* Task brief: Would you reproduce exactly, and only, the lines starting at the one with "Caution Dont Cross" and ending at the last line of the data, with both included? Leave the pictures out.

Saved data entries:

--

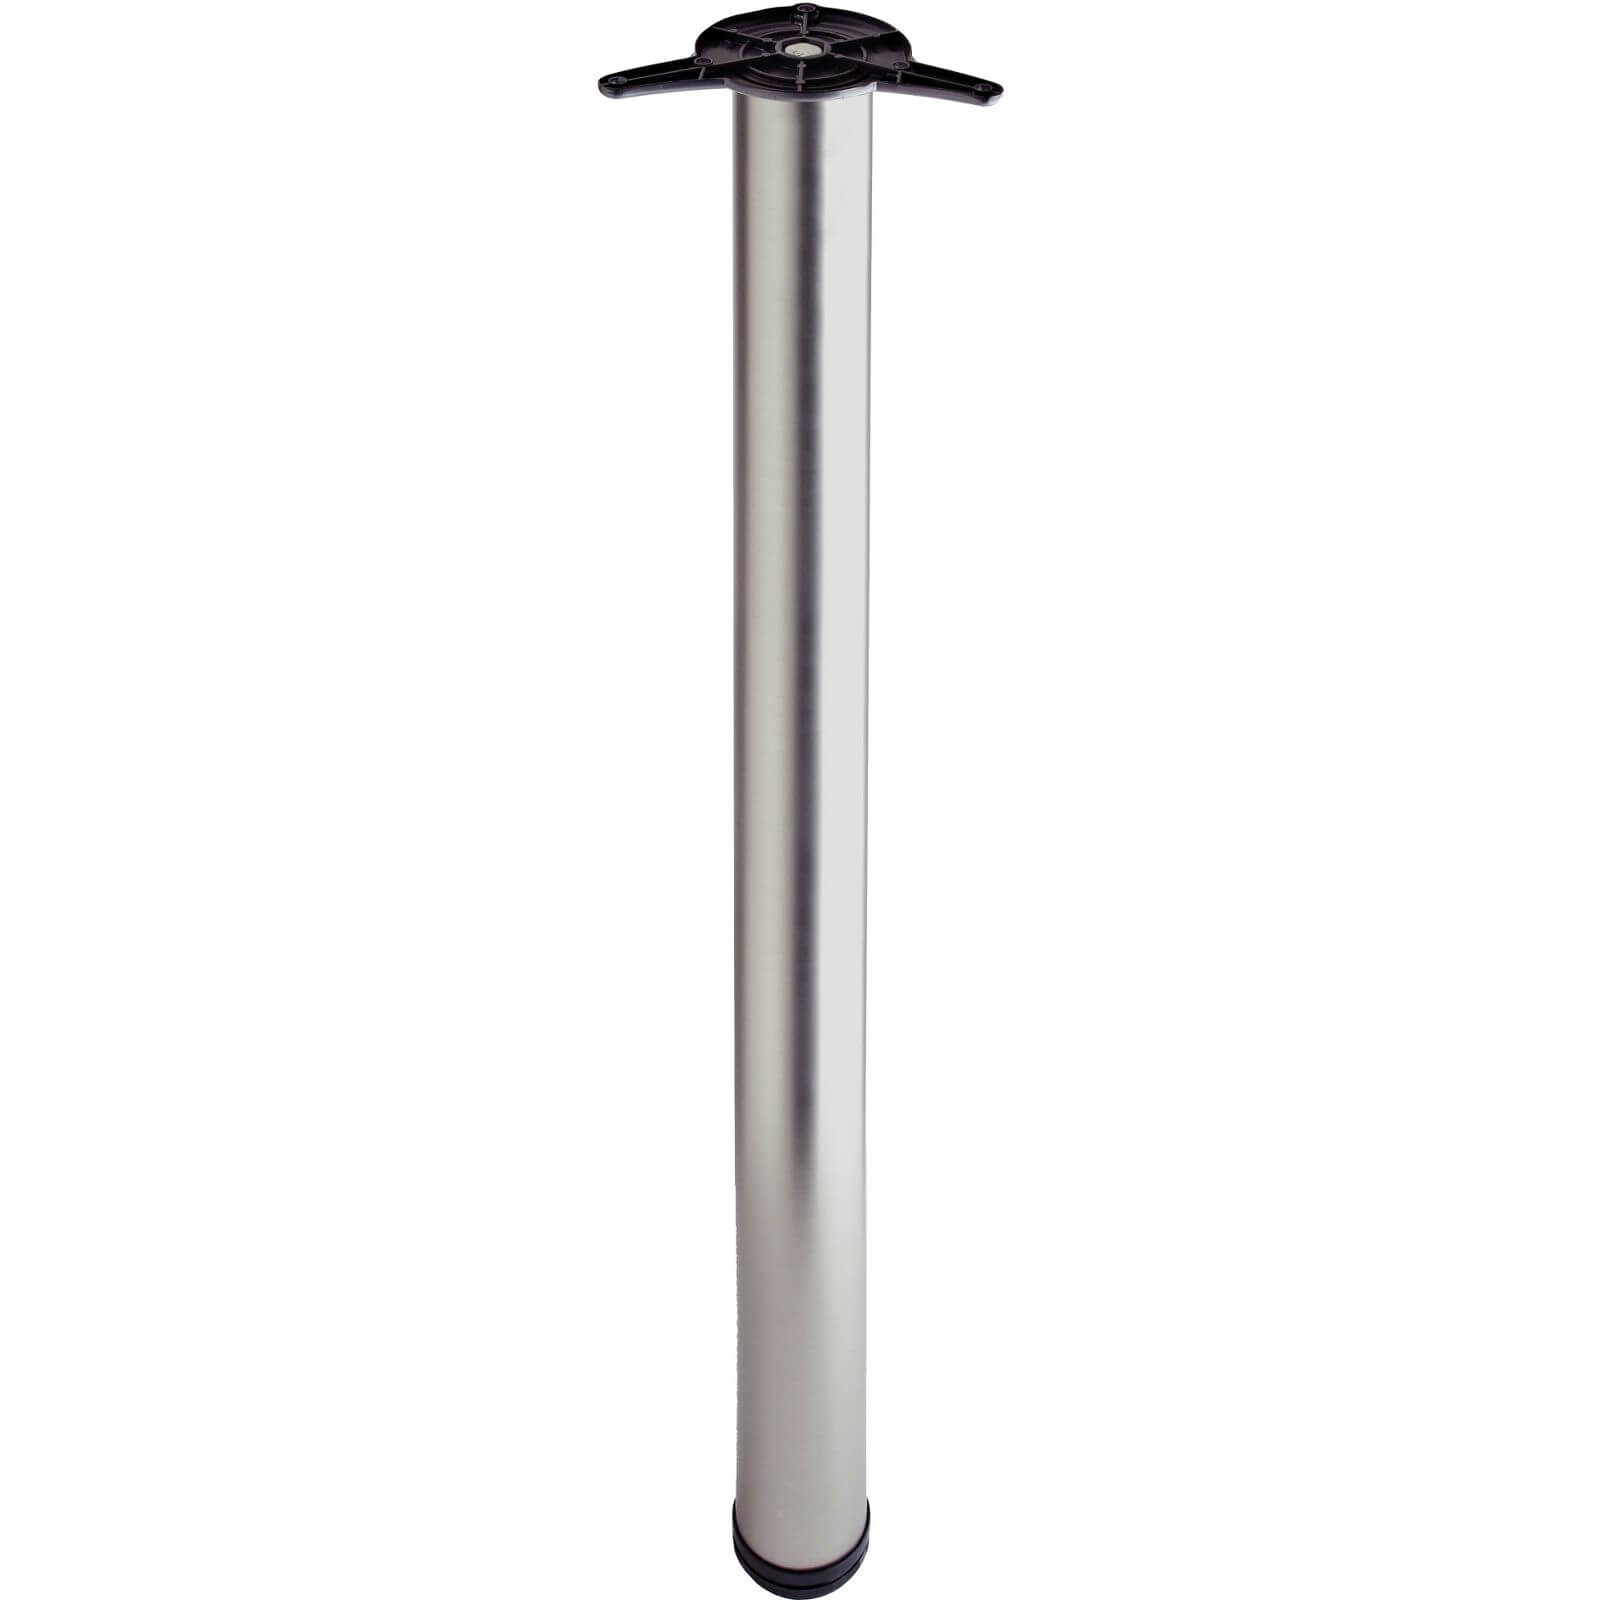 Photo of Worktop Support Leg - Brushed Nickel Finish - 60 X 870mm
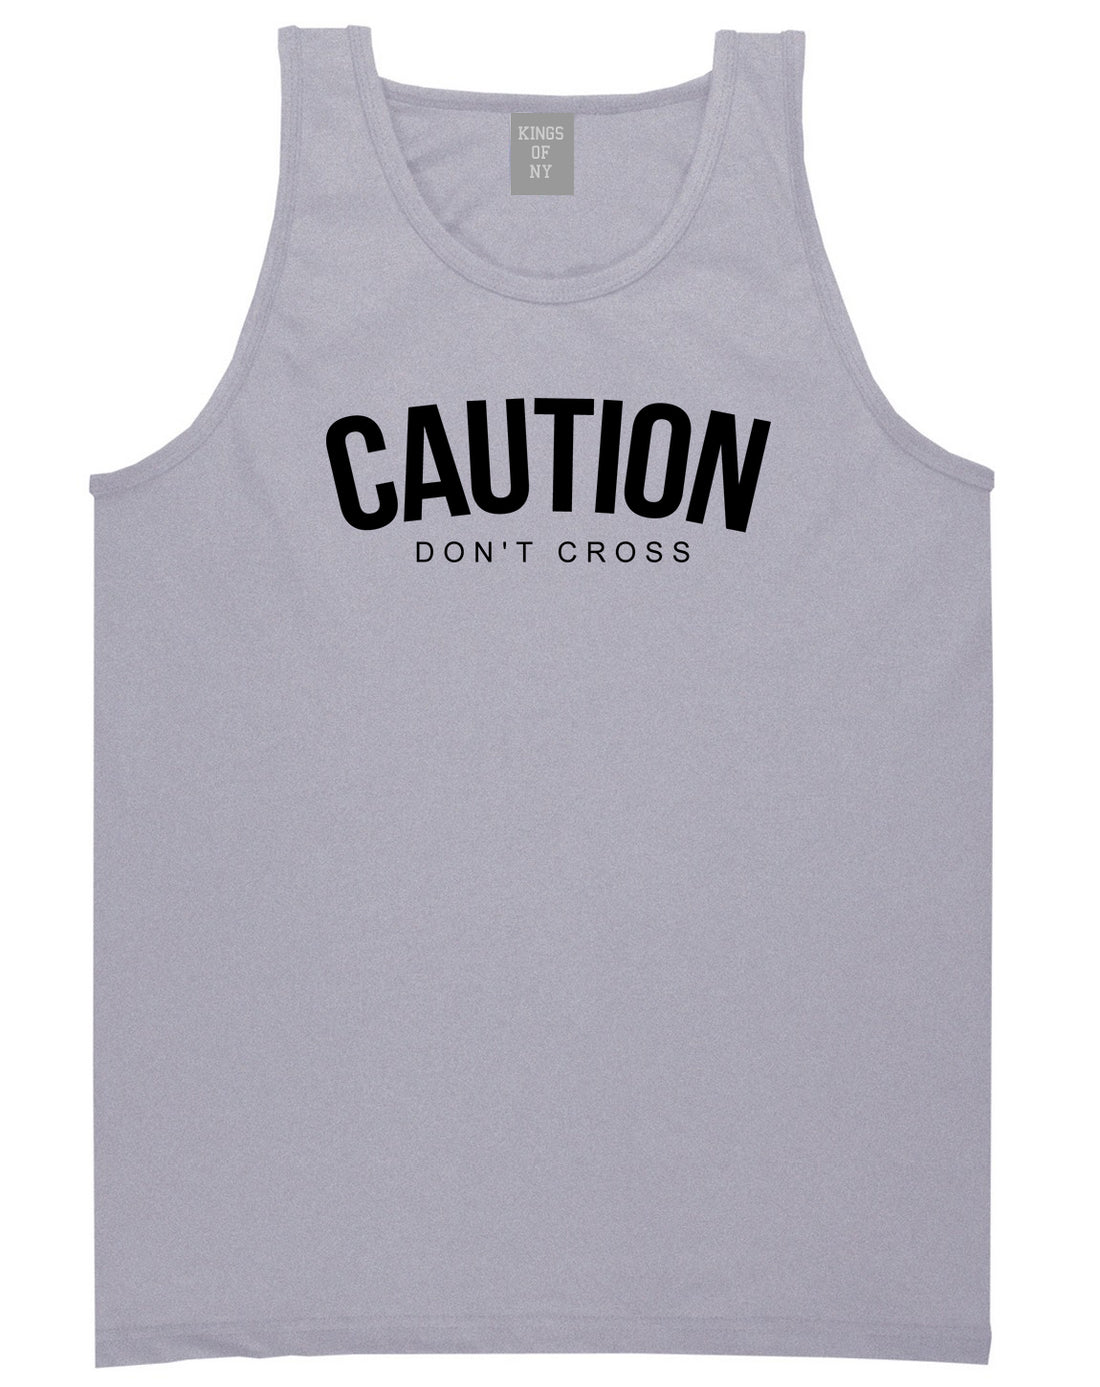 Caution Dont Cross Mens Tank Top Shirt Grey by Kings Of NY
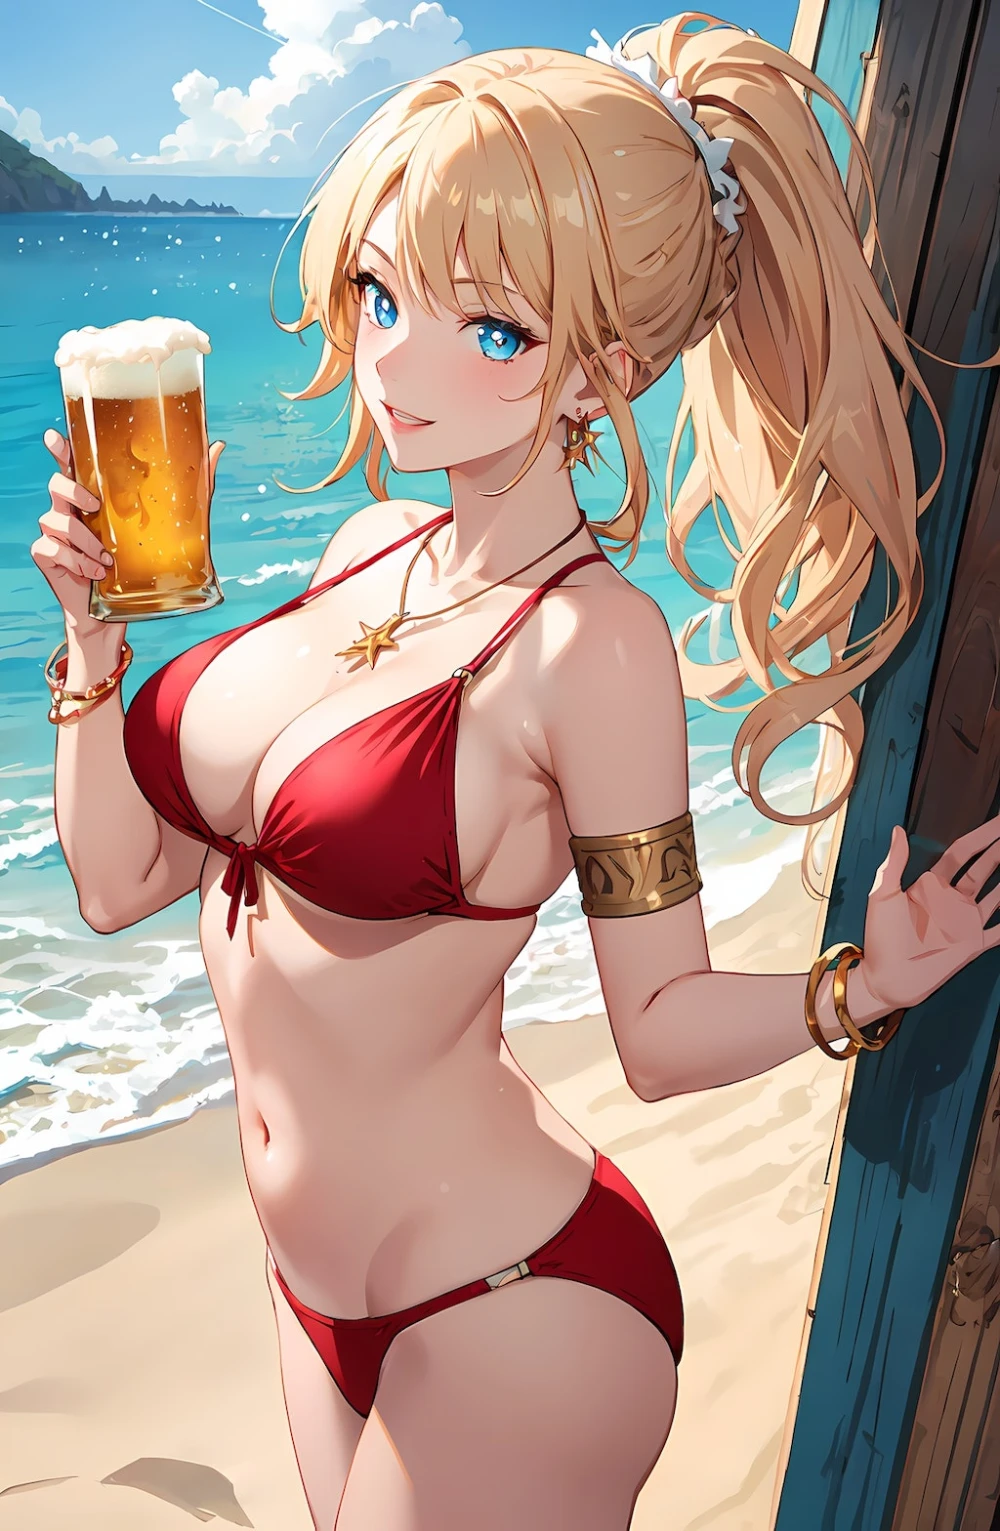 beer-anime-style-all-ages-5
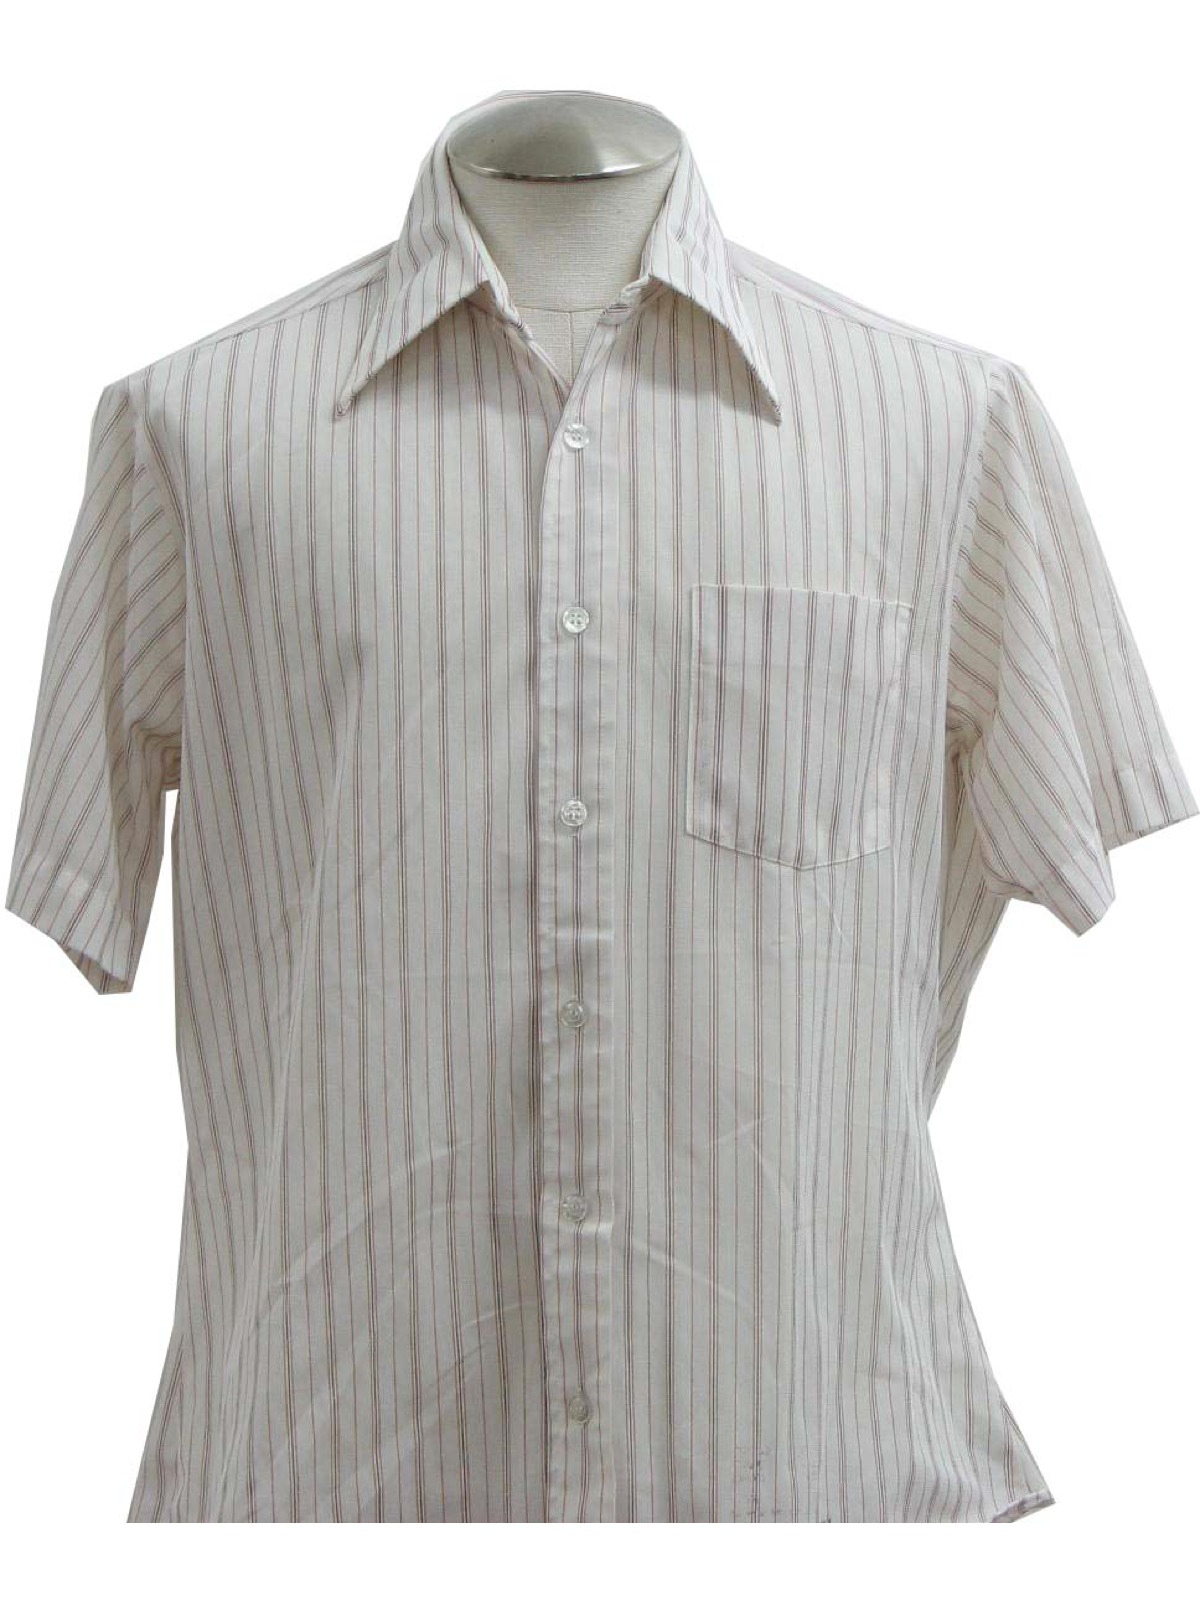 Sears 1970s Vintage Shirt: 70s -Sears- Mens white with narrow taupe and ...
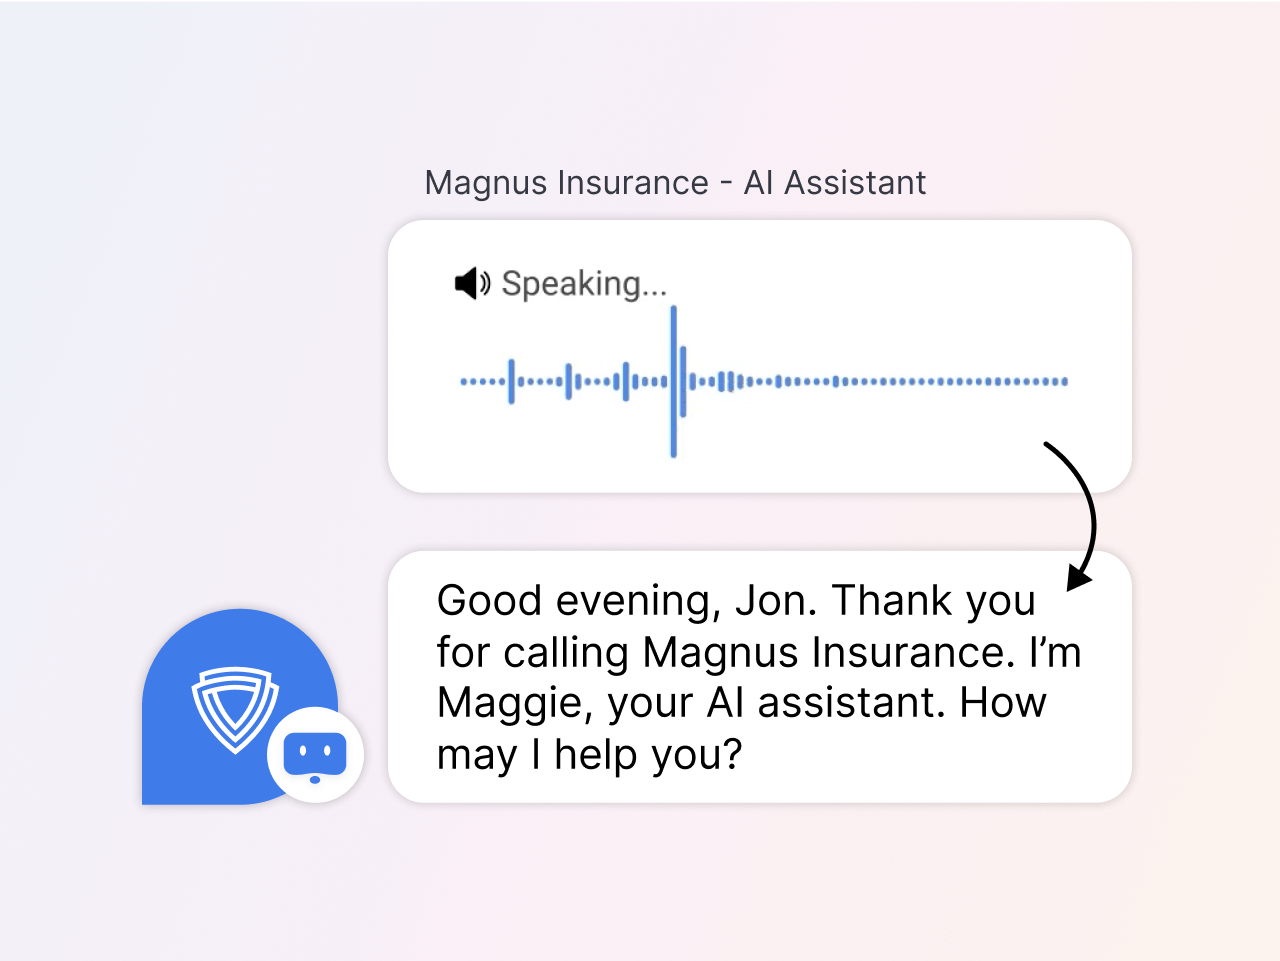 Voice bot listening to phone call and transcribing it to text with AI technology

--

* Exercise result:
 Caution Dont Cross Mens Tank Top Shirt Grey by Kings Of NY
 beer-anime-style-all-ages-5
 Sears 1970s Vintage Shirt: 70s -Sears- Mens white with narrow taupe and ...
 Voice bot listening to phone call and transcribing it to text with AI technology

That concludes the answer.